Within each of us is an inner-child and also an inner-parent. How we were raised by our actual parents when we were children predicts what our future relationships will look like and how we experience or give love.
Just because you have a certain pattern of attachment inherited from patterns of your lineage, does not mean you’re stuck with it or have to pass it onto your children in turn. It is possible to heal those original wounds and develop healthy and secure attachments with other people.
Some wounds come from within the family, but others can be sustained through overarching systems within society such as organised religion and the state. Recognising them as other types of parental figures can allow you to heal those wounds also and to become the parent you never had for yourself.
There are generally four attachment styles studied by a researcher by the name of Baumrind as you can see in the picture above. They correspond to two axis of either warm/cold and permissive/controlling.
Neglectful Parenting: This is a combination of cold emotions and a lack of rules, structure or boundaries. Overall it conveys a lack of care for the child, selfishness on part of the parent, and potentially hazardous exposure to risk for a child not being supervised or cared for.
Permissive Parenting: This combines warm emotions with a lack of structure or intervention from the parent. It’s conveyed to the child that the parent cares, but that they lack the courage or wisdom to give the child structure, boundaries and security. It can be selfish on the parent’s part because they want to be a friend to the child and obtain emotional support for themselves from their child rather than providing it.
Authoritarian Parenting: When cold emotions are combined with strong control of the child, it becomes overbearing and confining. It’s the way of the parent or the highway, which can lead to a child who capitulates to bullying or who will rebel to their own detriment.
Authoritative Parenting: If parents can combine warm emotional attachment with clear boundaries and rules, they will have hit the sweet-spot with helping their child to develop. All of the other parenting styles are described as insecure-attachments, but this one is a secure attachment. Security in any relationship, whether parent/child or spouses, needs a combination of safety within the emotional exchange as well as standards of behaviour from both sides which displays mutual respect and dignity.
If your parents fell into one of the three insecure-attachment styles, you may have trouble giving and/or receiving love from others as an adult. You may also be hyper-critical of yourself, or perhaps too permissive of your bad habits.
People who are secure have both a realistic sense of themselves, but also err on the side of positivity to keep motivated and maintain self-belief and self-esteem. They also see the worth of other people and feel happy to both give and receive love within their relationships, but they won’t tolerate bad treatment from others of lower themselves to the point where they think it’s ok to treat others with a lack of care.
When you were a child you had needs which had to be fulfilled by other people based on the relationship you had with them. When you’re an adult, you have the ability to provide that for yourself without reference to other people. Part of a good childhood is your parents showing you how to be that person for yourself. Another part of a good childhood is to show you the balance between the childish neediness and the essential task of delaying gratification. Some people were only shown that all needs made them bad. Some people were shown that all needs and wants should be immediately satisfied, regardless of whether it’s good for you or not. Those are the two extremes of permissive and strict parenting.

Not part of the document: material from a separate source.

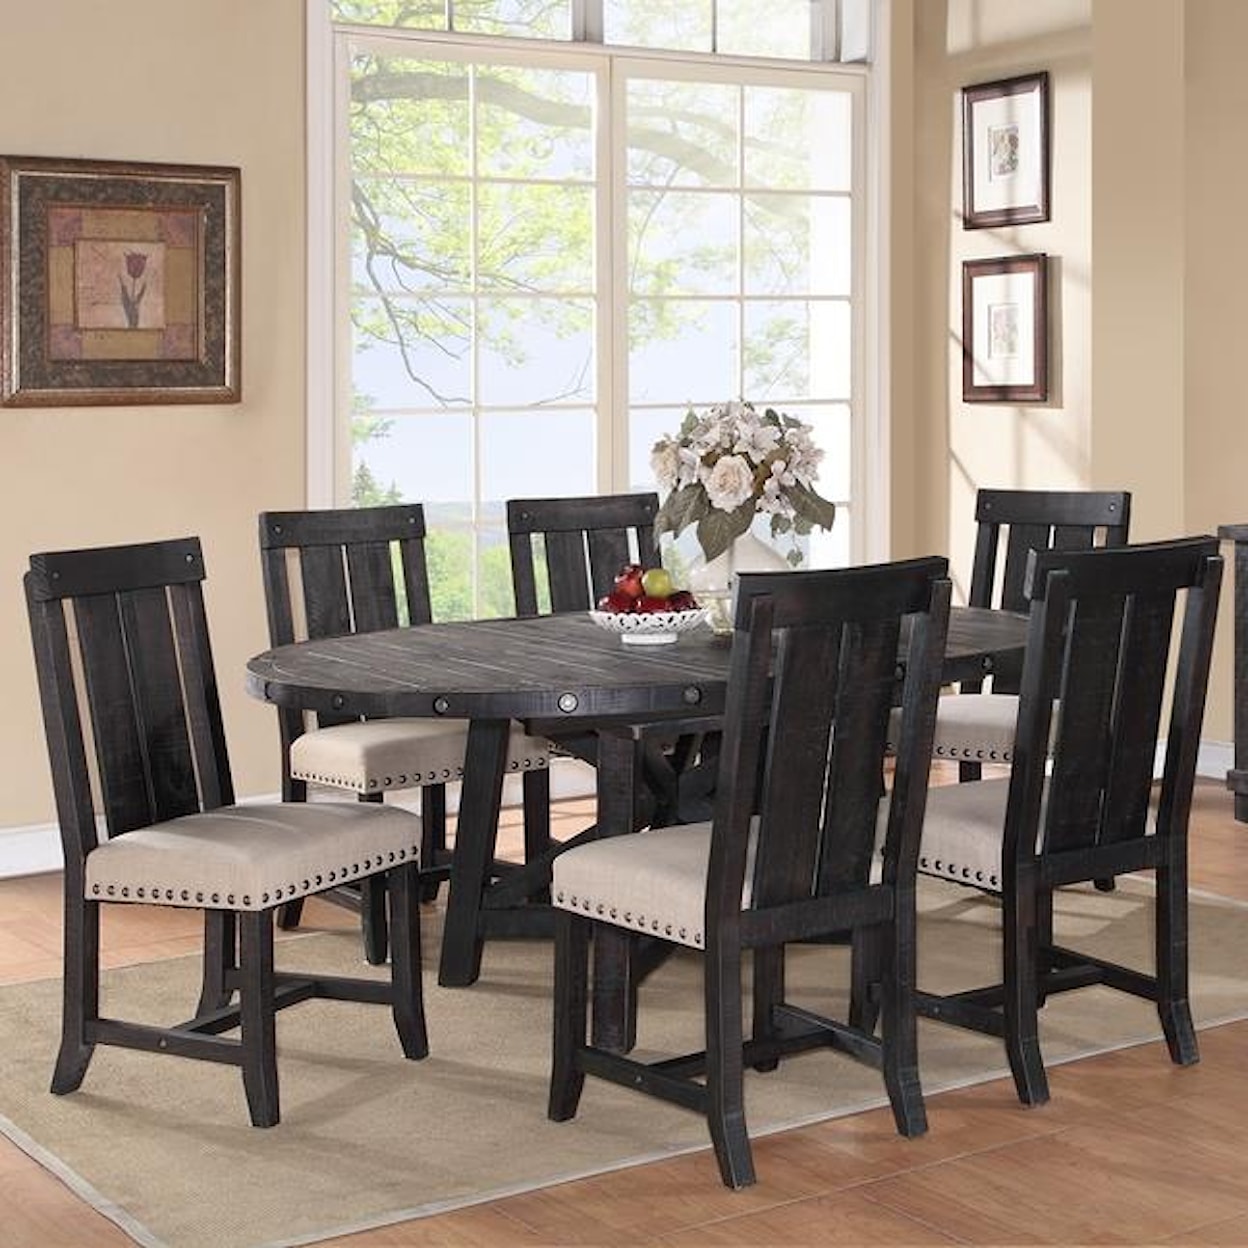 Modus International Yosemite Cafe Dining Table and Chair Set
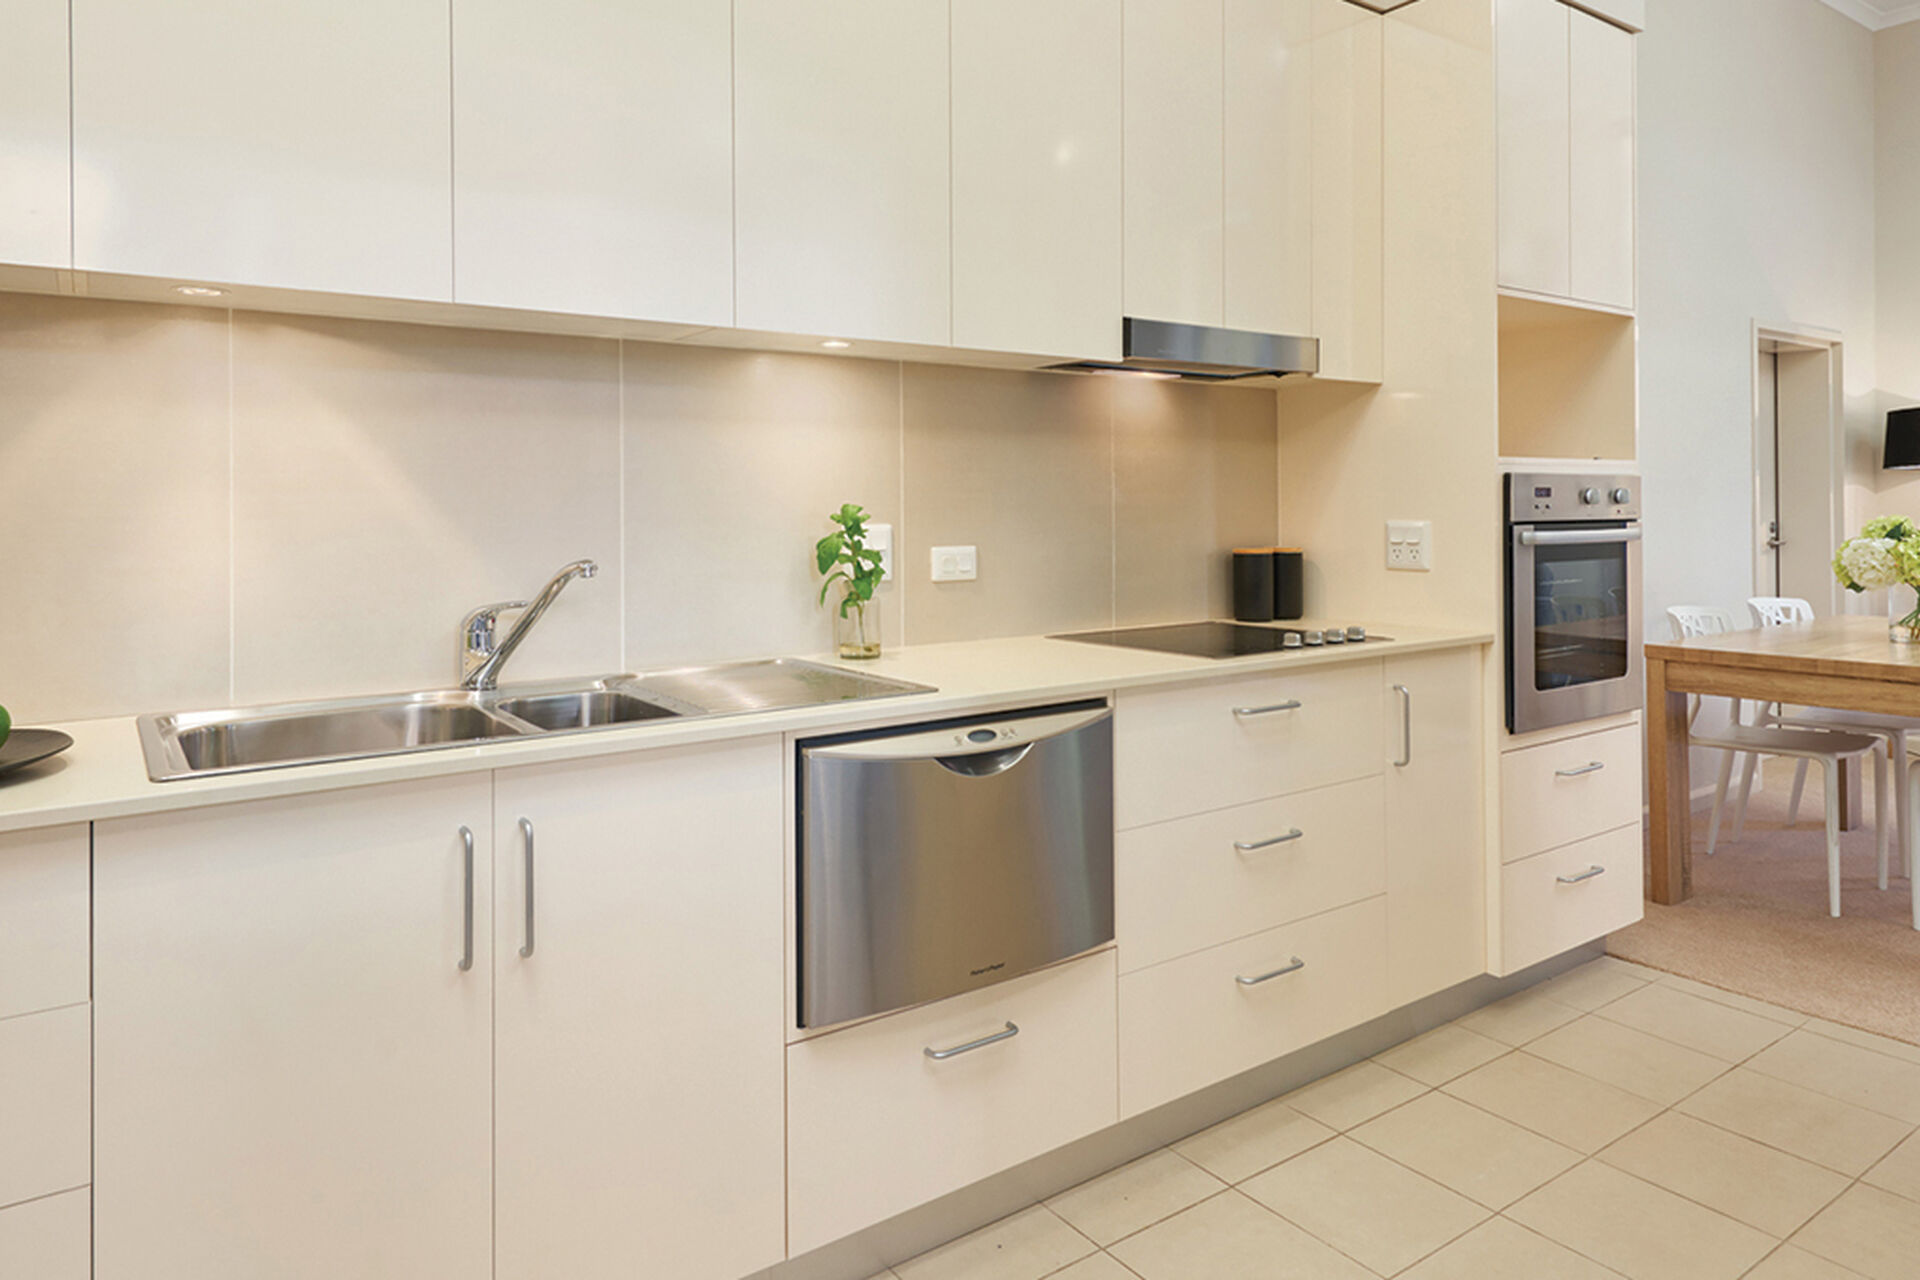 large spacious kitchen of the over 55s retirement village baptistcare Watermark village Wagga Wagga

Re-parenting yourself means learning how to manage the needy child screaming within, who has either need neglected and ignored, or who has been overly indulged and grown into a monster.
Having needs or desires is not necessarily bad, but it must be assessed by your inner adult who can determine if it’s possible to satisfy, or if it’ll be good for you.
Being that kind but firm parental figure is everything you need if you want to heal the wounds of the child.